Entre 1 200 et 2 000 électeurs, voilà l’objectif fixé par le PS. Ce qui peut paraître compliqué, au regard de la forte médiatisation nationale qui avait entouré la primaire de 2011, quand quatre villes seulement seront impliquées cette année (Marseille, Aix-en-Provence et Le Havre, en plus de Béziers). Sans parler d’un contexte politique nettement plus favorable à l’époque.

"Les bases d’une stratégie de communication ont déjà été établies, nuance Hussein Bourgi. Il y aura en effet une campagne de publicité nationale, en plus d’un site internet* dédié aux primaires. Puis, localement, nous allons aussi prévoir un travail en télévision, radio ou presse écrite".

Organiser des débats dans les médias

Plusieurs médias (Midi Libre, L’Hérault du jour, France 3, TV Sud, Radio Peinard Skyrock, France Bleu Hérault) vont ainsi être sollicités, notamment pour organiser des débats. "Si possible, plusieurs rencontres, pendant la campagne, sur des thématiques précises et, bien sûr, sur des compétences municipales. Le but étant de rendre le débat attractif et susciter un engouement chez les électeurs", poursuit Hussein Bourgi.

Le premier secrétaire fédéral aura aussi pour mission de veiller au bon déroulement de ces débats. Ils devront rester courtois et ne pas dépasser la confrontation d’idées. Pas facile dans un PS Biterrois où l’on a déjà sorti les couteaux par le passé.

"La haute autorité des primaires, que présidera Jean-Pierre Mignard comme en 2011, sera chargée de garantir la sérénité des débats. Elle pourra, le cas échéant, sanctionner un candidat en cas de dérapage. Cela dit, par rapport aux trois autres scrutins qui s’avèrent déjà très conflictuels, tout se passe bien à Béziers", assure encore le “premier fédéral”.

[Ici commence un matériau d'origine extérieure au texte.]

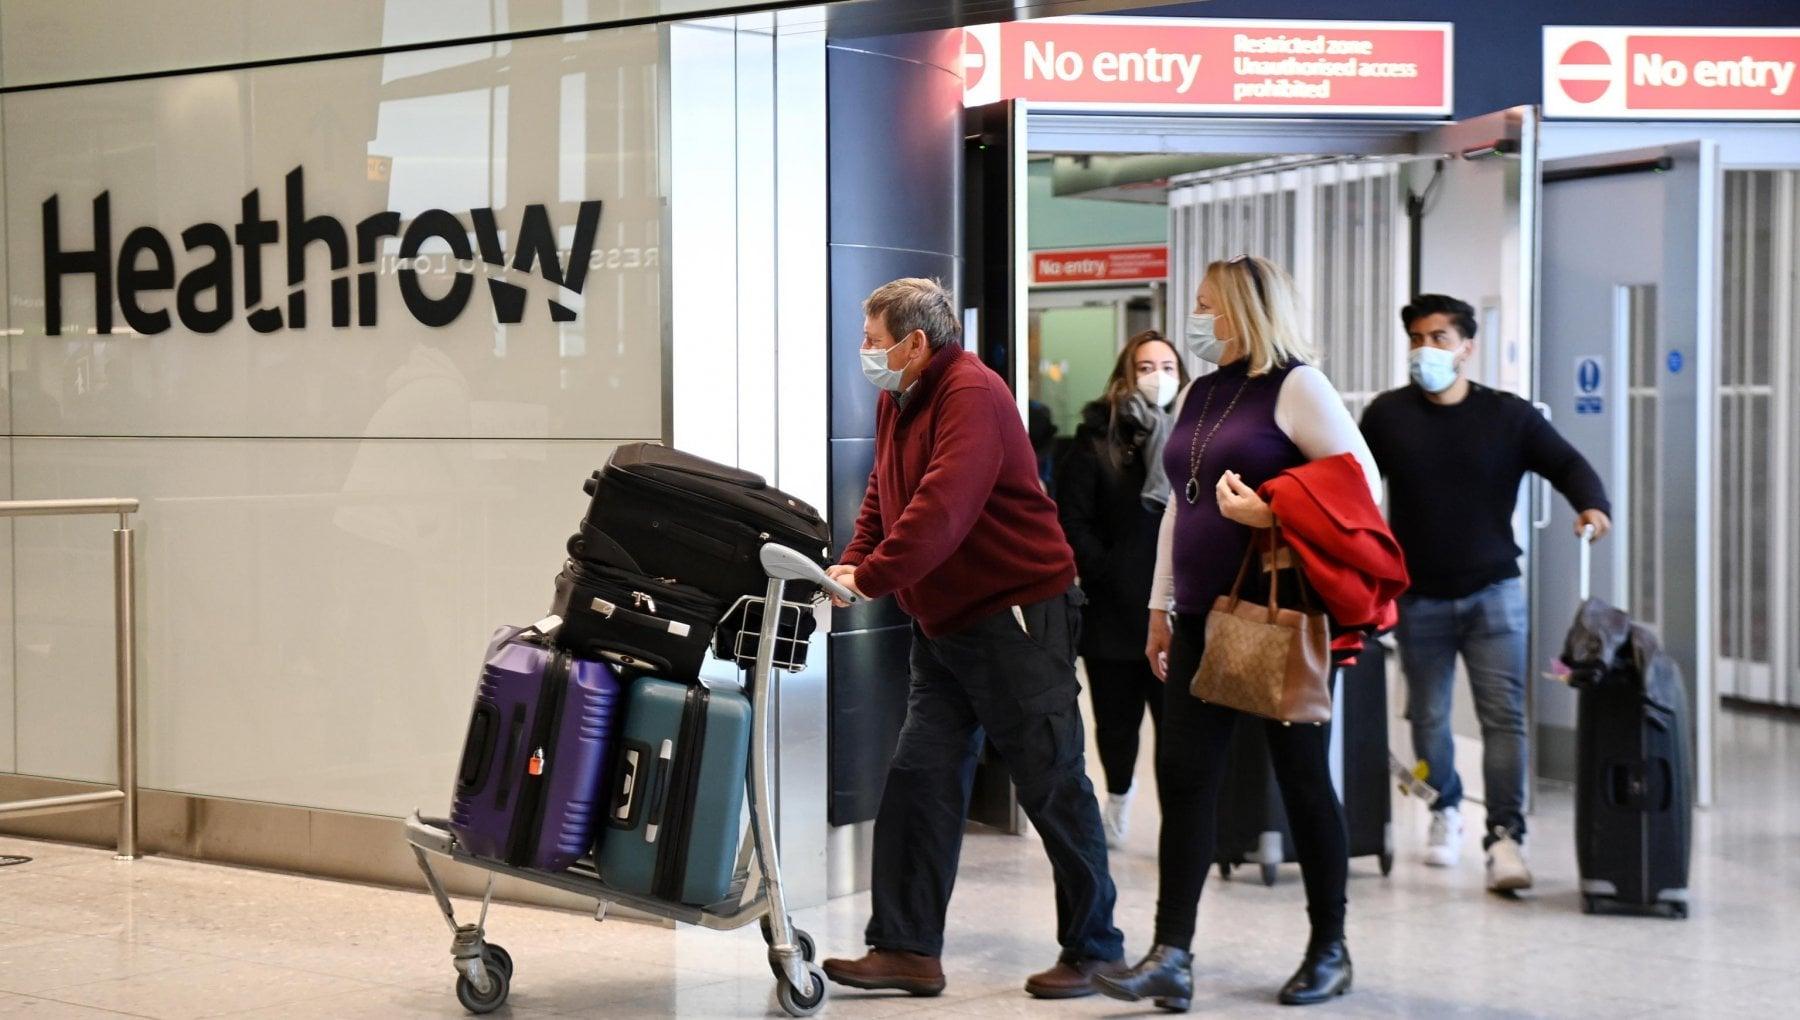 Bye bye London con Brexit e Covid e fuga dalla capitale britannica

Sortir du débat "socialo-socialiste" 

Celui-ci voit dans le processus de Béziers un autre avantage par rapport aux trois autres. Il est le seul qui confrontera un parti ami, en l’occurrence Europe Écologie Les Verts, au PS. "Cela nous sortira du débat socialo-socialiste et du conflit de personne. Tout est réuni pour que ces primaires soient une réussite".

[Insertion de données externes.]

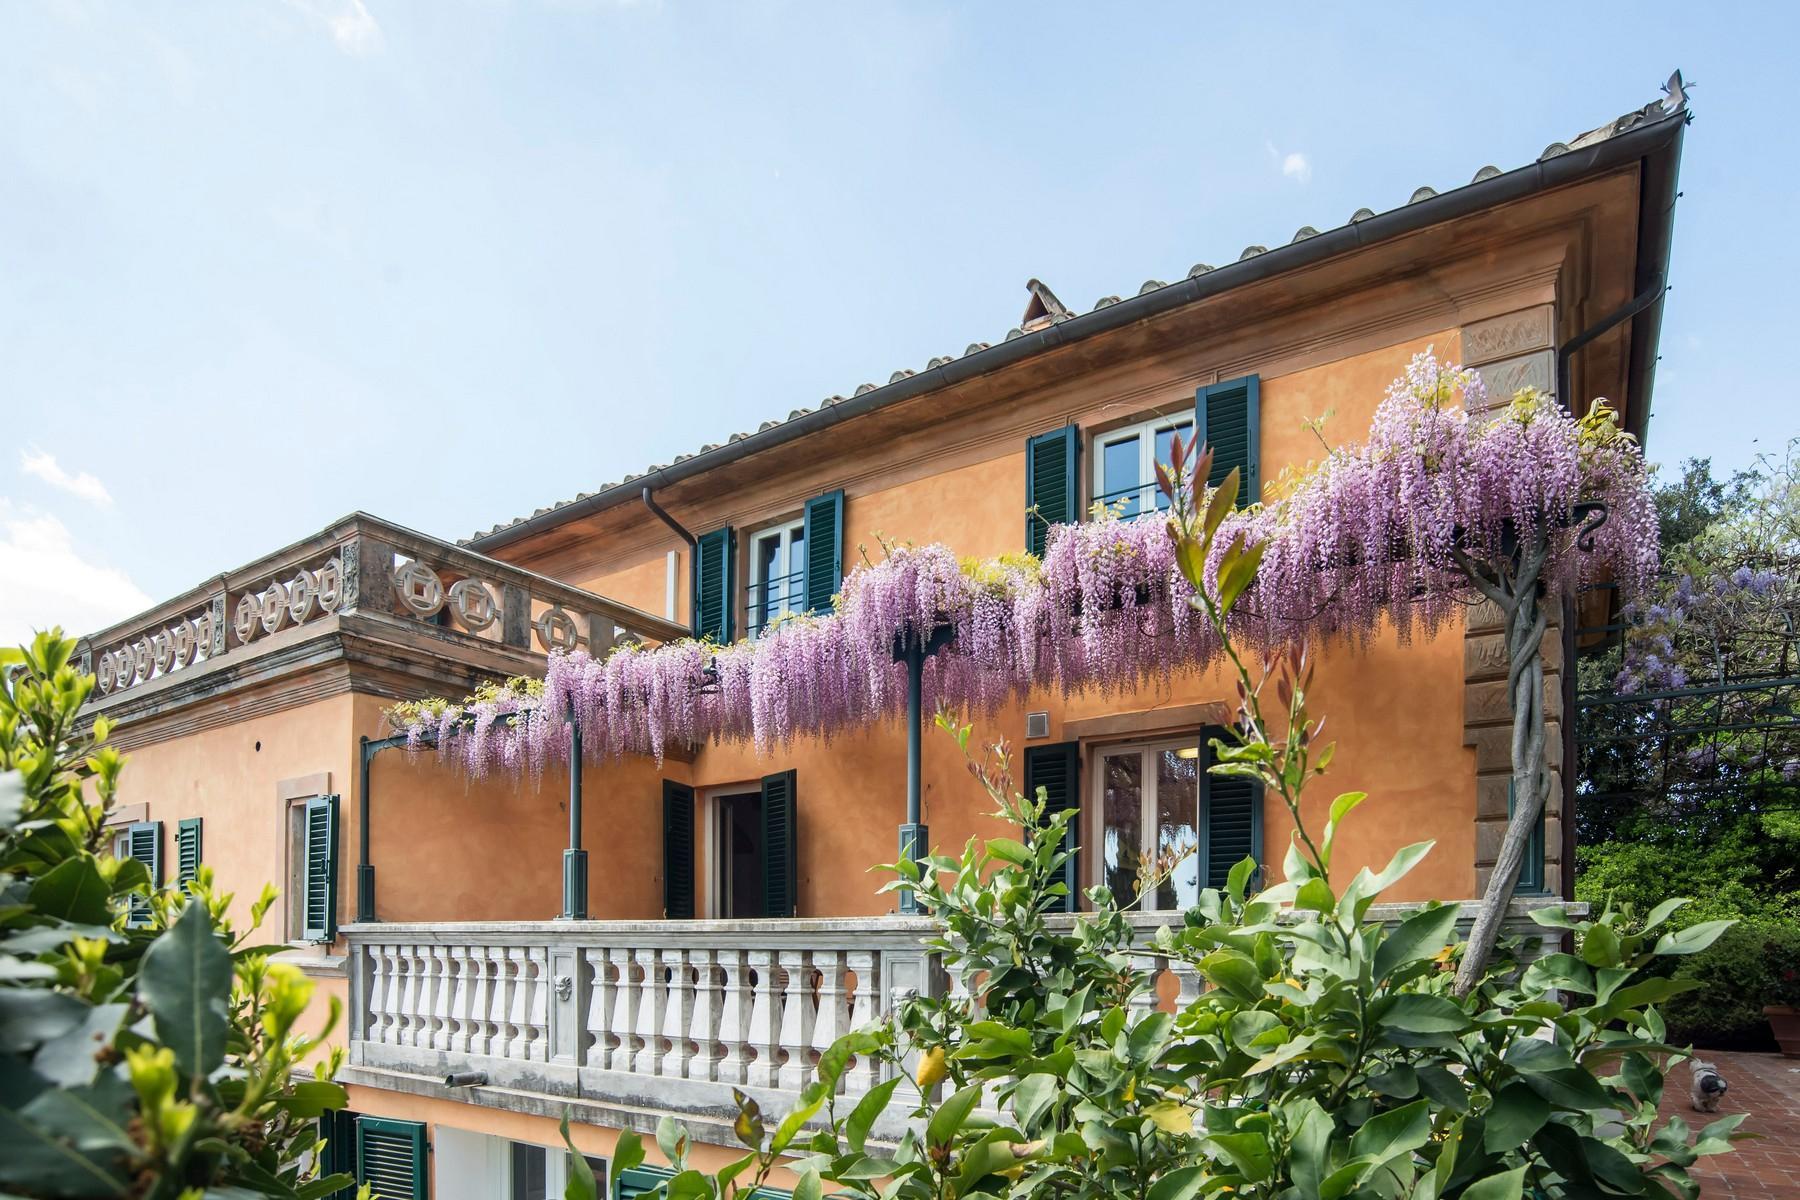 Stupenda villa nei pressi del Golf di Montecatini Terme - 4

Le candidat désigné, qui partira en campagne avec un temps de retard sur ses adversaires, aura bien besoin de ça.

 
SANS LE PRG, ILS SERONT FINALEMENT QUATRE

 

C’est aujourd’hui, jeudi, que la décision sera officialisée. Mercredi soir, le premier intéressé, Roger Toulza, qui fait acte de candidature depuis de nombreuses semaines, n’était d’ailleurs pas au fait de la décision de son parti. Mais selon nos informations, le Parti radical de gauche a décidé de ne pas prendre part à ces primaires biterroises. Restant dans la droite ligne fixée par la fédération héraultaise : laisser le PS choisir son candidat, puis négocier une place dans la liste.

Johannin a confirmé

Sans le PRG, ils devraient donc être quatre sur la ligne de départ, puisque l’écologiste Guilhem Johannin a en revanche confirmé sa candidature la semaine dernière. Et que trois socialistes (Jean-Michel du Plaa, Pierre Callamand, Karine Chevalier) sont actuellement à la chasse aux 400 parrainages nécessaires pour valider leur candidature.

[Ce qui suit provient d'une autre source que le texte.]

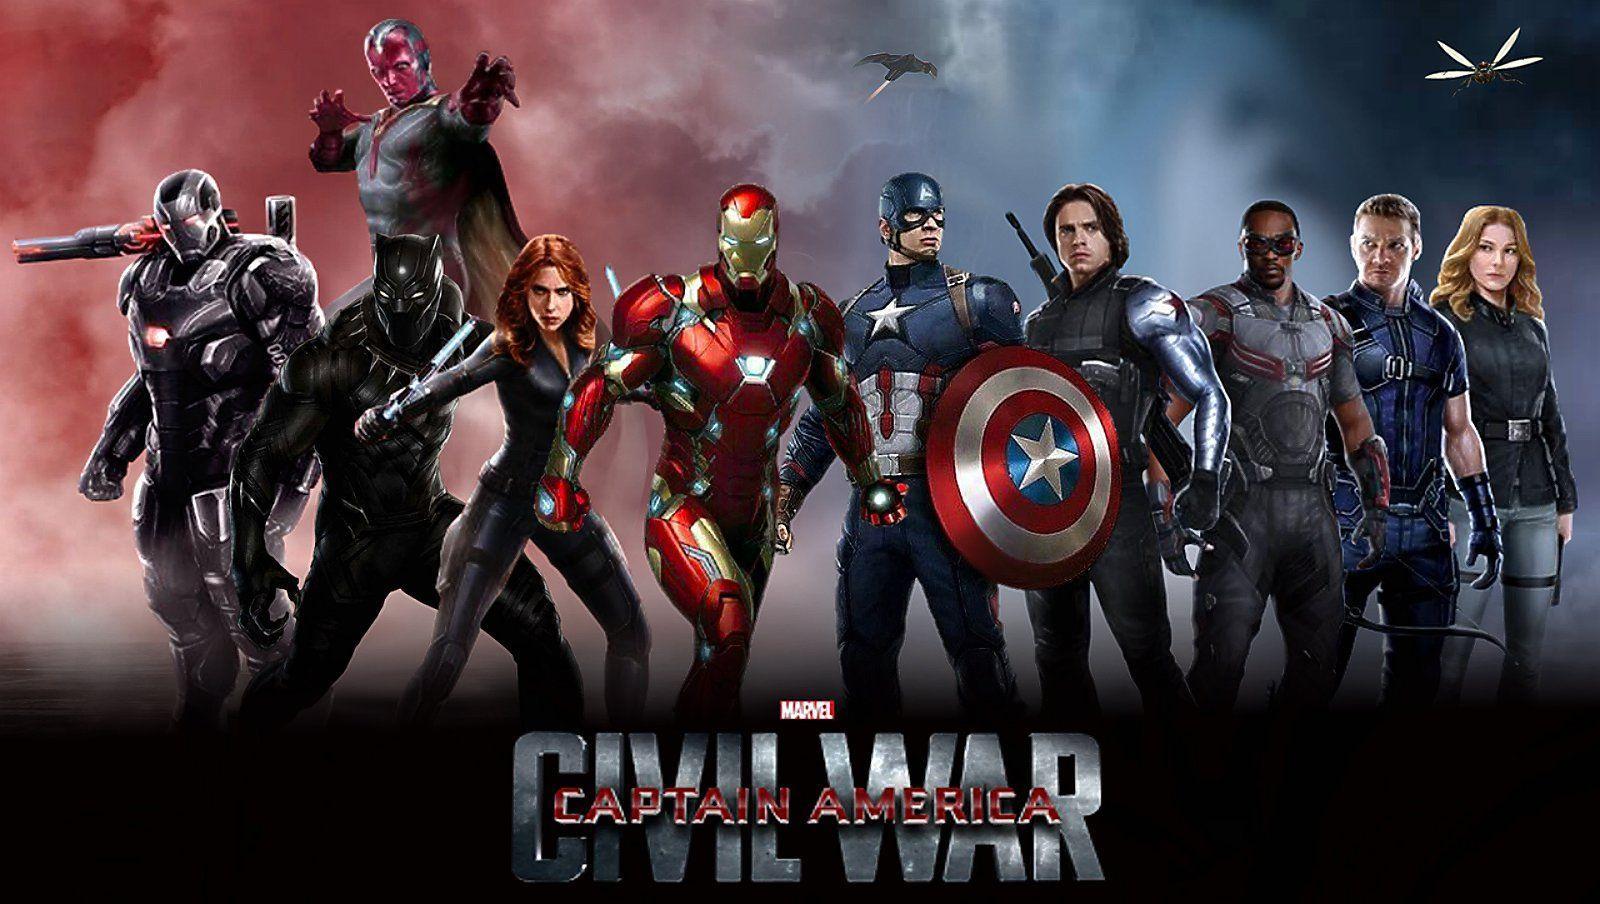 Civil War Captain America Wallpapers Top Free Civil War Captain

Pour les trois, malgré un début de “campagne” un peu poussif, l’opération devrait s’avérer fructueuse. "Je crois savoir que cela a été un peu compliqué la première semaine, car c’est forcément quelque chose de nouveau. Mais ils ont maintenant trouvé leur rythme et cela devrait passer", avance Hussein Bourgi.

Jusqu'au 26 juillet pour avoir les 400 parrainages

Les trois candidats à la candidature ont jusqu’au 26 juillet pour apporter leurs 400 parrainages. La haute autorité les validera, en vérifiant les numéros d’électeurs, mais aussi en appelant 100 parrains, pour chaque impétrant, afin de vérifier le bon ordre de l’opération. Histoire de crédibiliser un peu plus ces primaires.